Regex Tokenizer
===========

This node creates a new DataFrame by the process of taking text (such as a sentence) and breaking it into individual terms (usually words) based on regular expression

Type
--------- 

transform

Class
--------- 

fire.nodes.etl.NodeRegexTokenizer

Fields
--------- 

.. list-table::
      :widths: 10 5 10
      :header-rows: 1

      * - Name
        - Title
        - Description
      * - inputCol
        - Column
        - input column for tokenizing
      * - outputCol
        - Tokenized Column
        - New output column after tokenization
      * - pattern
        - Pattern
        - The regex pattern used to match delimiters
      * - gaps
        - Gaps
        - Indicates whether the regex splits on gaps


Details
-------
Regex Tokenizer Node
+++++++++++++++


Overview:
+++++++++++++++


The Regex Tokenizer node splits text data into tokens based on a regular expression pattern. This is useful for tasks like text preprocessing, natural language processing, and information extraction.


Input:
+++++++++++++++


Column: The column containing the text data to be tokenized.

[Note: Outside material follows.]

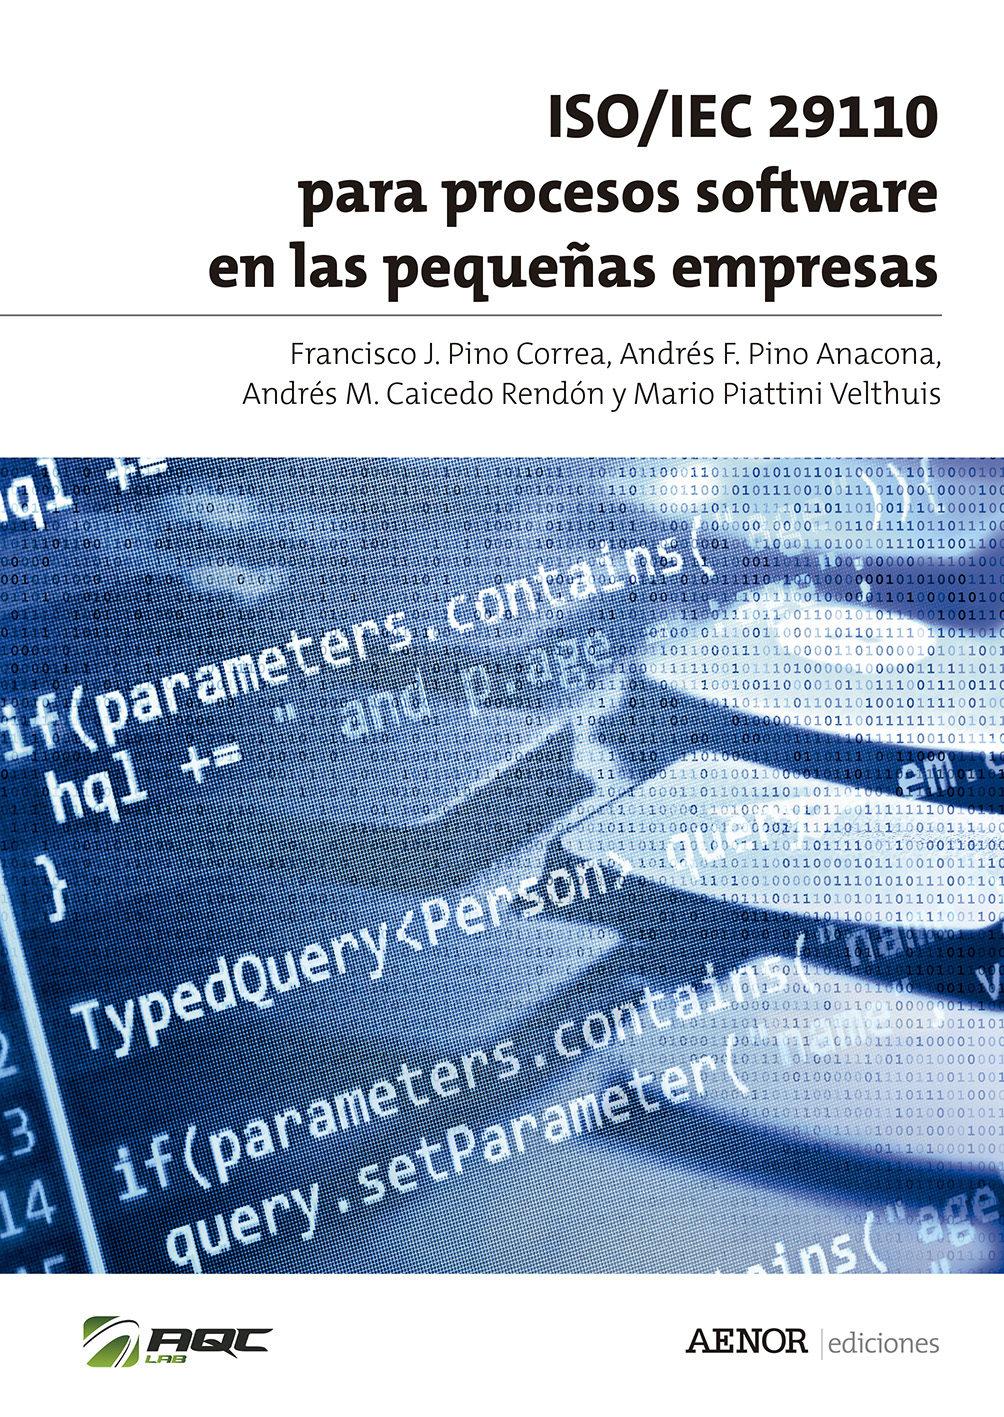 ISO:IEC 29110 para procesos software en las empresas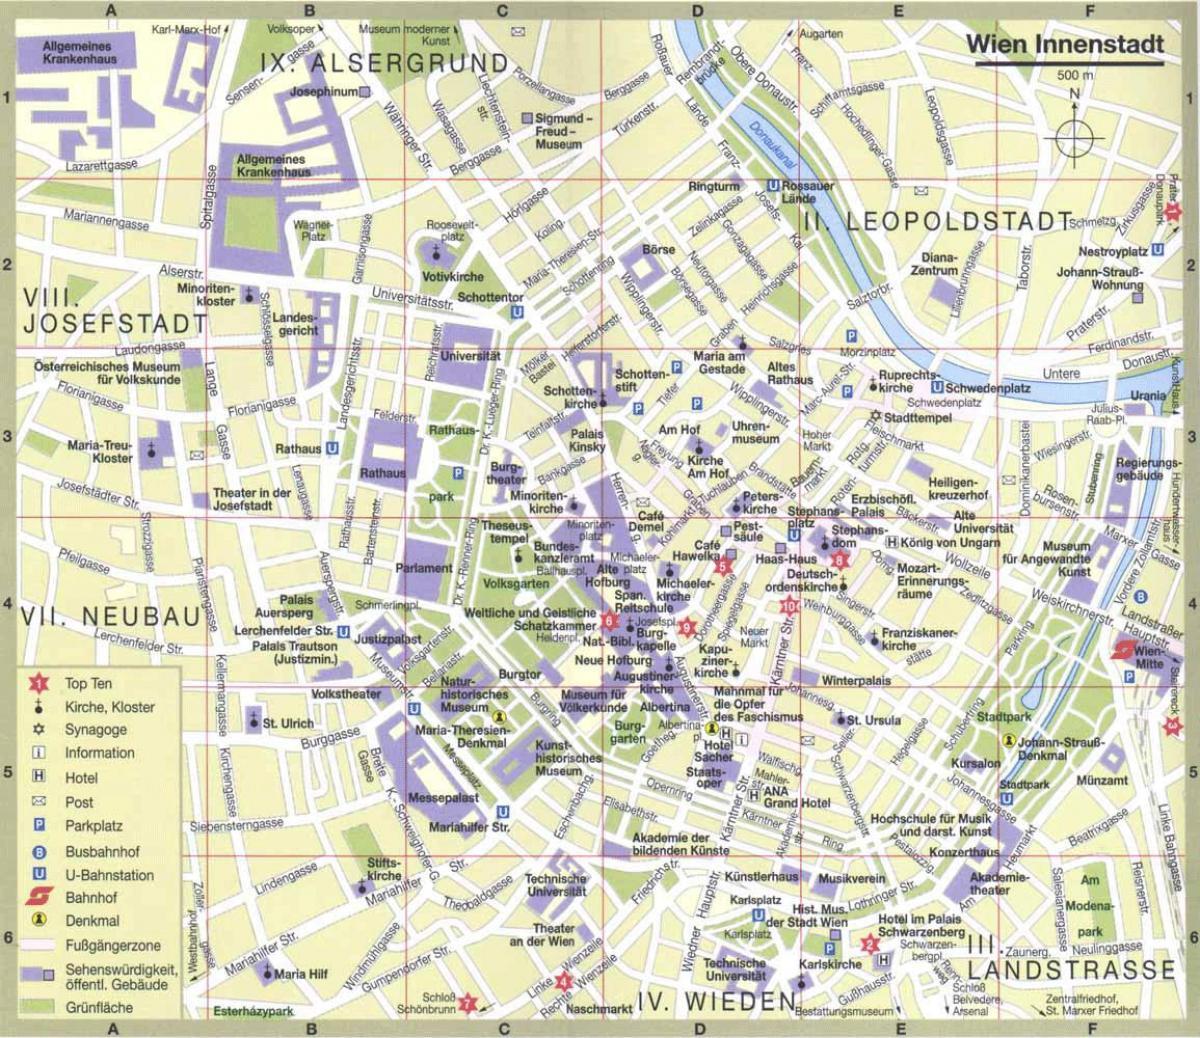 www ausztria térkép hu Bécs Ausztria idegenforgalmi térkép   Bécs város idegenforgalmi  www ausztria térkép hu

Tokenized Column: The name of the new column to store the tokenized text.

Pattern: The regular expression pattern to use for tokenization.

Gaps: A flag indicating whether to include gaps (spaces) between tokens.


Output:
+++++++++++++++


The node creates a new column containing the tokenized text.


Examples
-------
Example:
+++++++++++++++


Let's assume we have a column named text containing the following text:


This is a sample text.

Configure the Node:


Column: text

Tokenized Column: tokens

Pattern: \w+ (matches word characters)

Gaps: True

Node Execution:


The node will split the text into tokens based on word boundaries and create a new column tokens containing the following:


This,is,a,sample,text